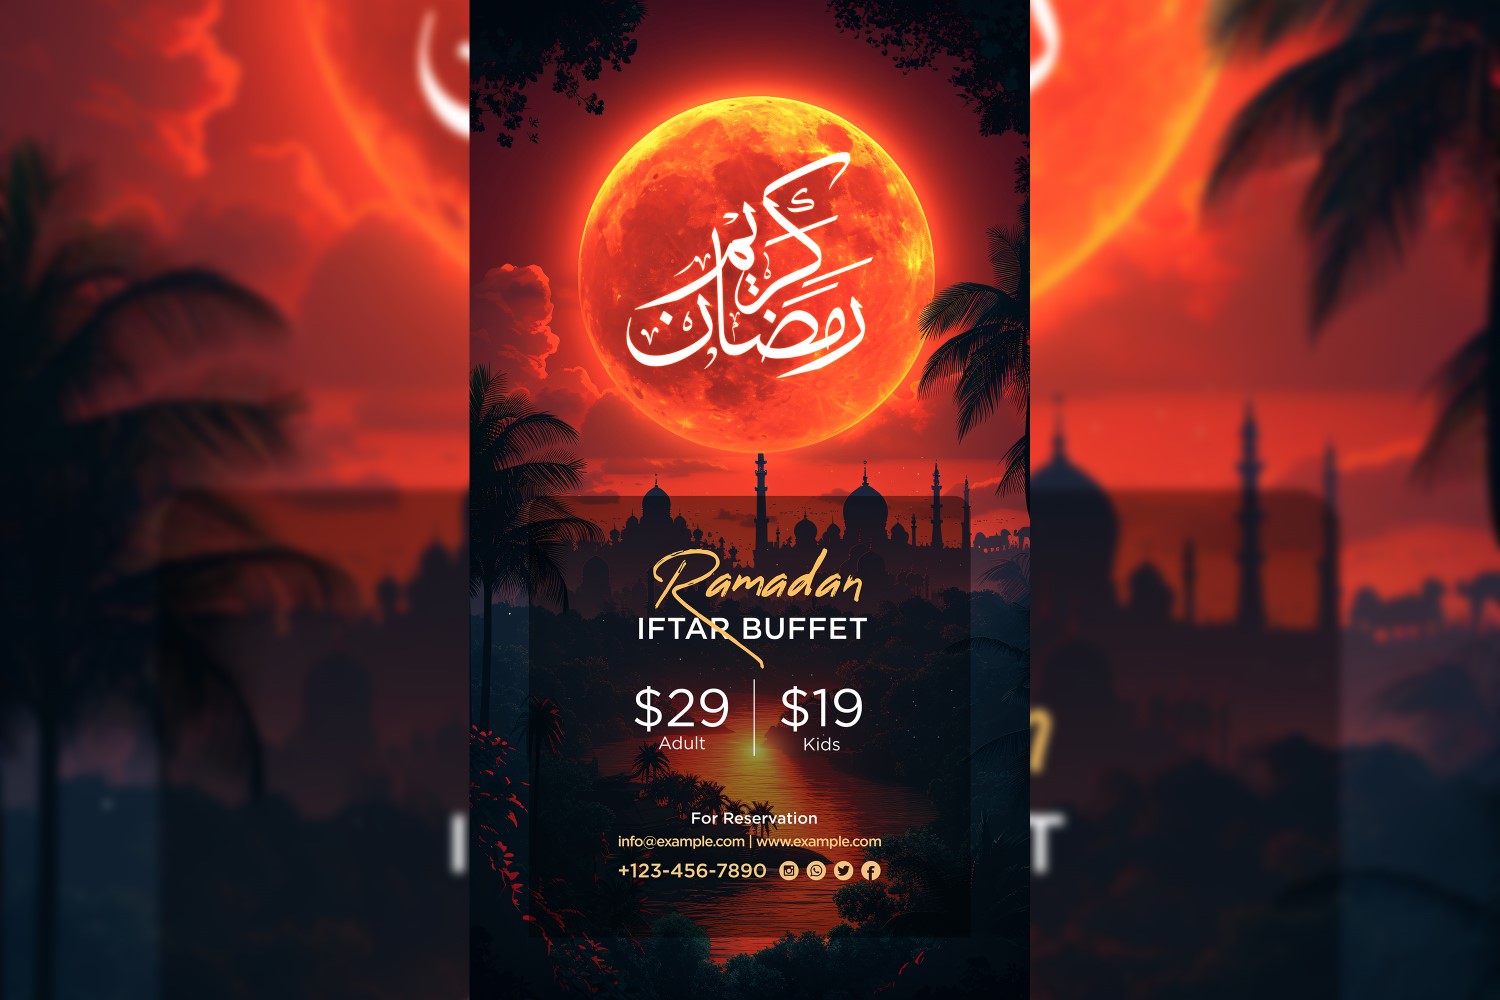 Ramadan Iftar Buffet Poster Design Template24
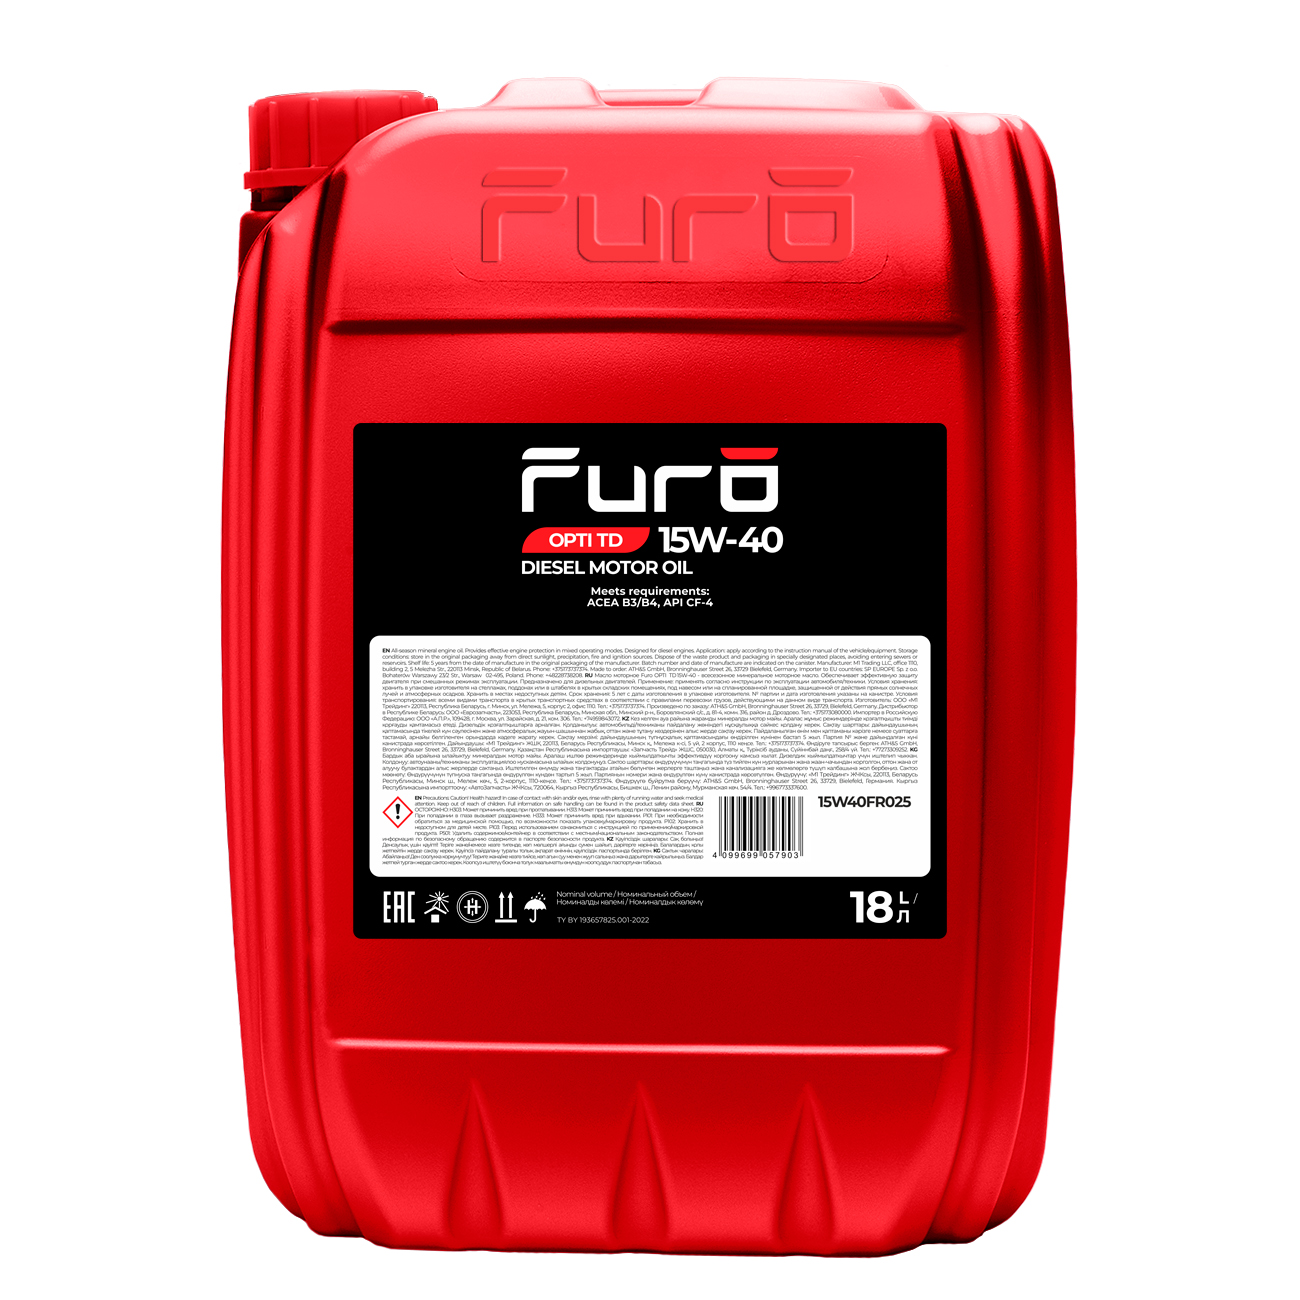 Моторное масло FURO OPTI TD 15W40FR025 15W40 минеральное 18 л
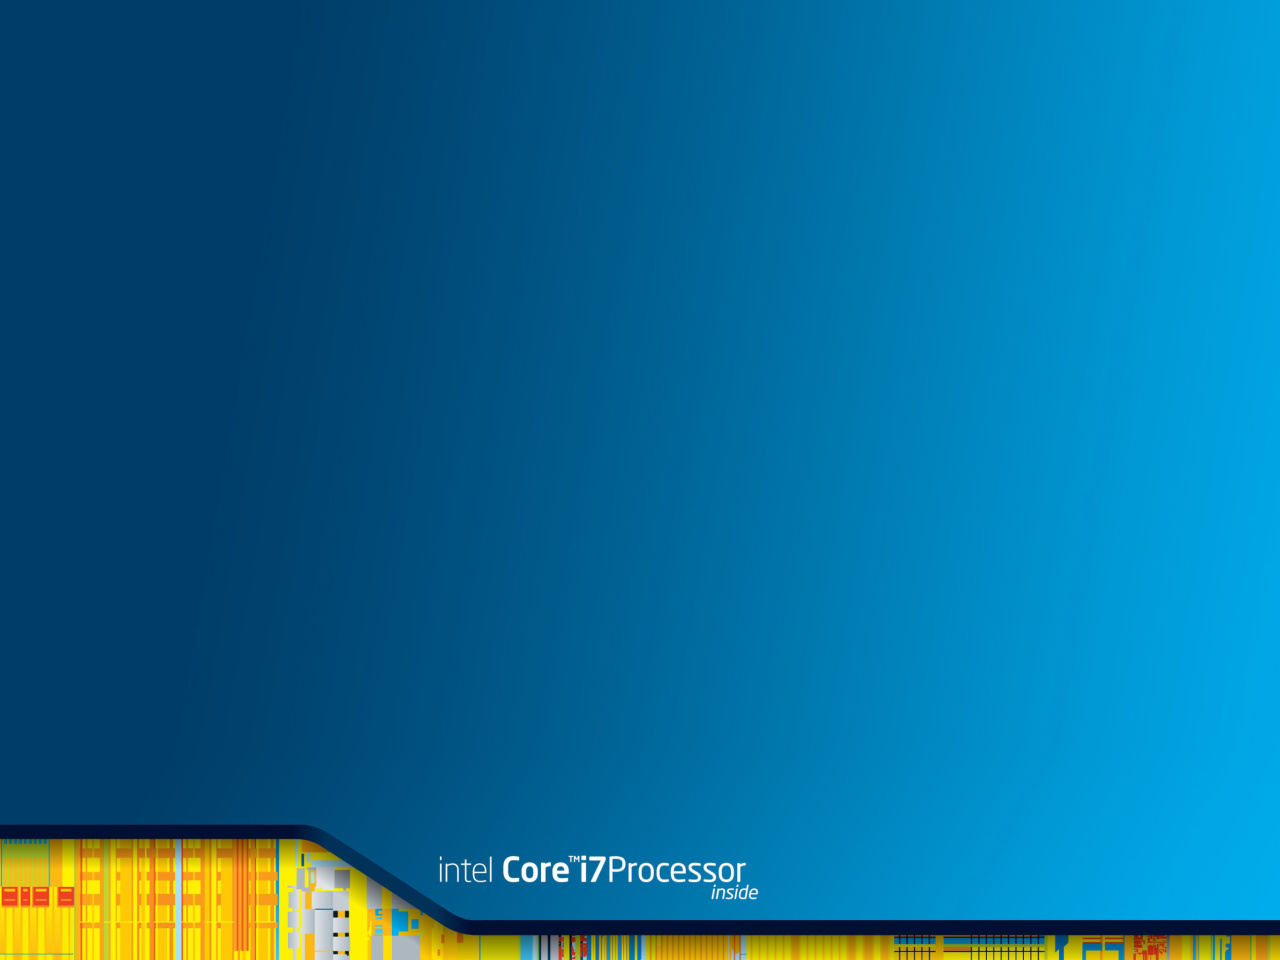 Intel Core i7 Processor wallpaper 1280x960

☆ ☆ ☆ ☆ ☆ ☆ ☆

#### [Work task]
Print the listing exactly. No pictures belong in the copy.

#### [Result of this task]
 Ramadan Iftar Buffet Poster Design Template24
 Моторное масло FURO OPTI TD 15W40FR025 15W40 минеральное 18 л
 Intel Core i7 Processor wallpaper 1280x960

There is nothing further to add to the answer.